Is this a symbolic event?

We have to ask ourselves whether this event is symbolic of something greater than itself. What, if anything, does it ‘say’ to us? How are we to understand this moment in time, when the central figure captured by camera on multiple media channels is a mythological character, dressed as a Shaman? Jake Angeli, known as QAnon’s Shaman, takes centre stage in the takeover of a building that in many ways could be held up as global symbol and archetype of democratic freedom. Is there a ‘sign of the times’ to be understood?

Some of you reading this article may not have heard of QAnon or Jake Angeli. QAnon is a conspiracy theory with hundreds of thousands, if not millions, of followers. In brief, the QAnon believers are convinced that the world is run by a Satanic group of paedophiles that includes top Democrats and Hollywood elites, and that President Trump has spent years leading a top-secret mission to bring these evildoers to justice. Their followers were told that Trump would be re-elected with a landslide vote and that a coming “storm” would expose the global paedophile ring and bring its leaders to justice. Jake Angeli, (born Jacob Anthony Angeli Chansley), is a self-initiated Shaman for the QAnon movement. He’s also an actor and an activist.

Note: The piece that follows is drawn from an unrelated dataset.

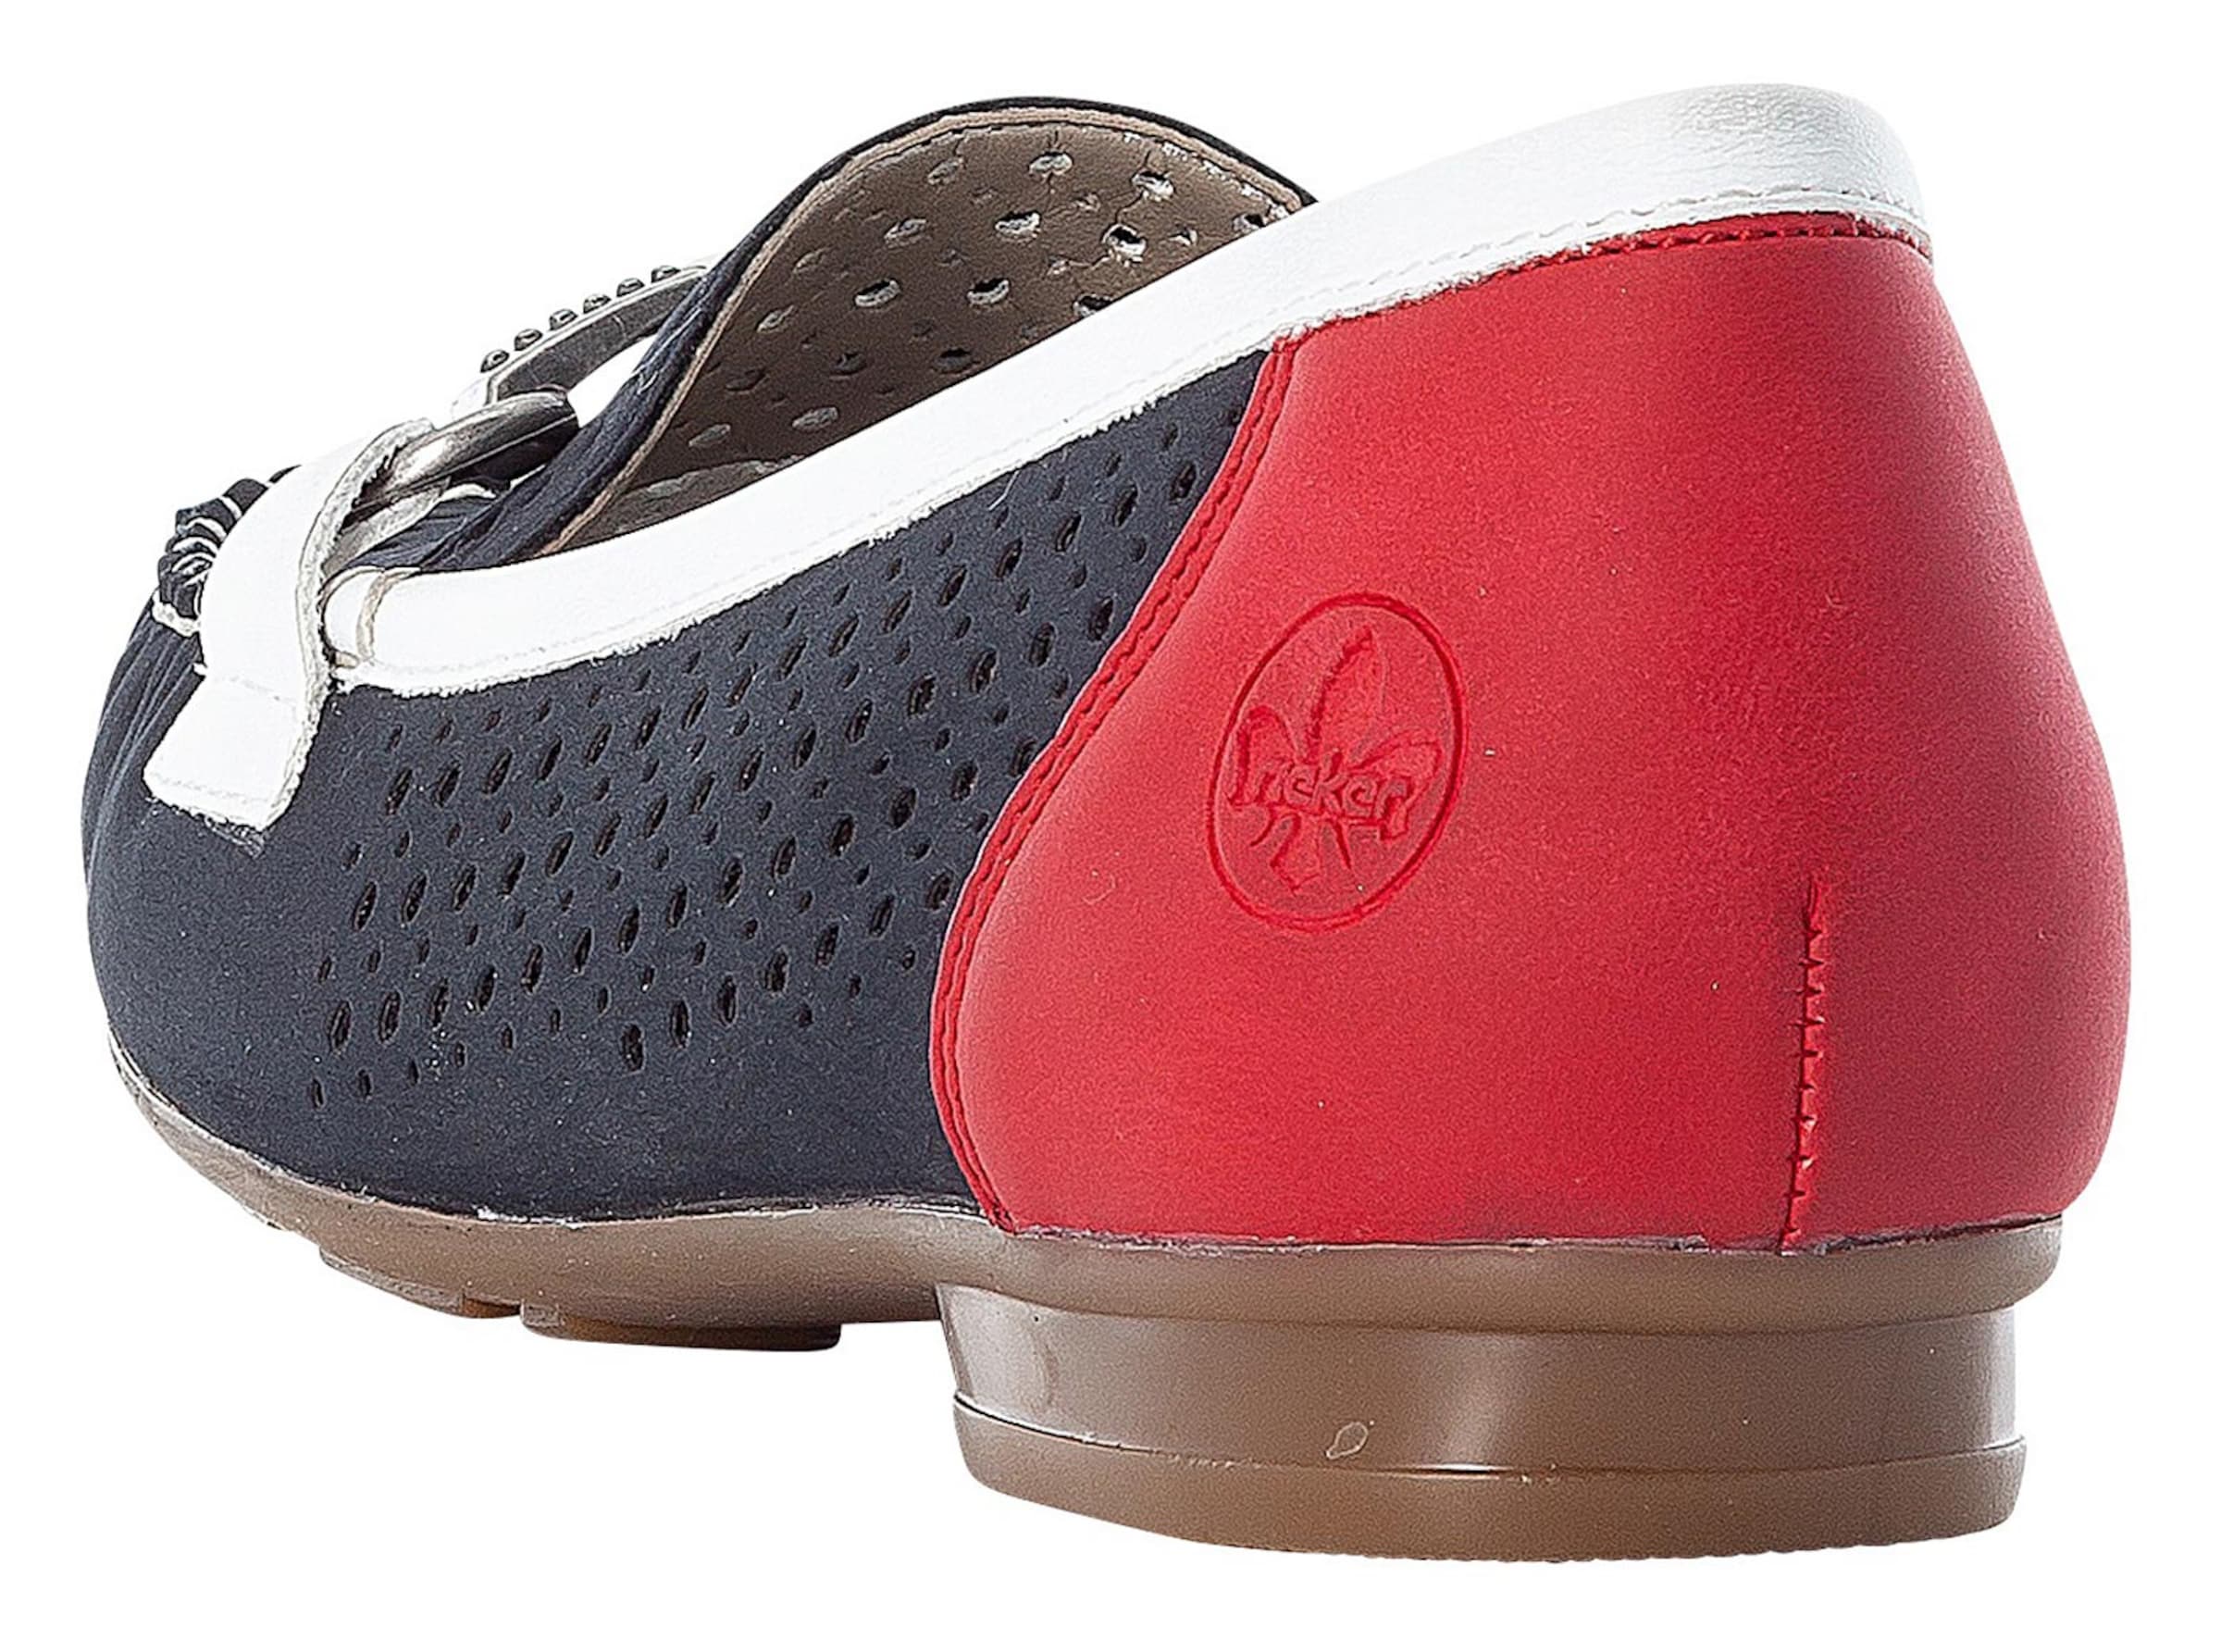 Schuhe Mokassins & Slippers Rieker Slipper in dunkelblau-rot-weiß

We should also note that QAnon adherents also played a critical role in spreading misinformation about voter fraud, many are being barred by social media platforms and American police are treating the movement as a potential domestic extremist threat.

What can we learn from what we have seen?

The potential outcomes to this question are innumerable. I want to offer just three observations, all of which highlight some of humanity’s basics needs that are met by an encounter with the Gospel of Jesus.

A need for a transcendent reality

On Capitol Hill the IRRATIONAL collided with the RATIONAL. Apparent to everyone watching, orderly, democratic government procedure was taken over by a mob, allegedly incited by Trump, and led by this central figure, the QAnon ‘Shaman’. The radicalised mythological, empowered by conspiritual theory (spelling and pun intended), confronts the governing powers of Western democracy. In that moment it felt like we had stepped back in time and what was unveiled before us seemed to take the form of a story from the Middle Ages. A type of tribalism, spiritually charged with a mantra, salvific in nature, calling for the cleansing of America, for the exposure of unrighteousness and for judgement to be served on those it deemed profaners.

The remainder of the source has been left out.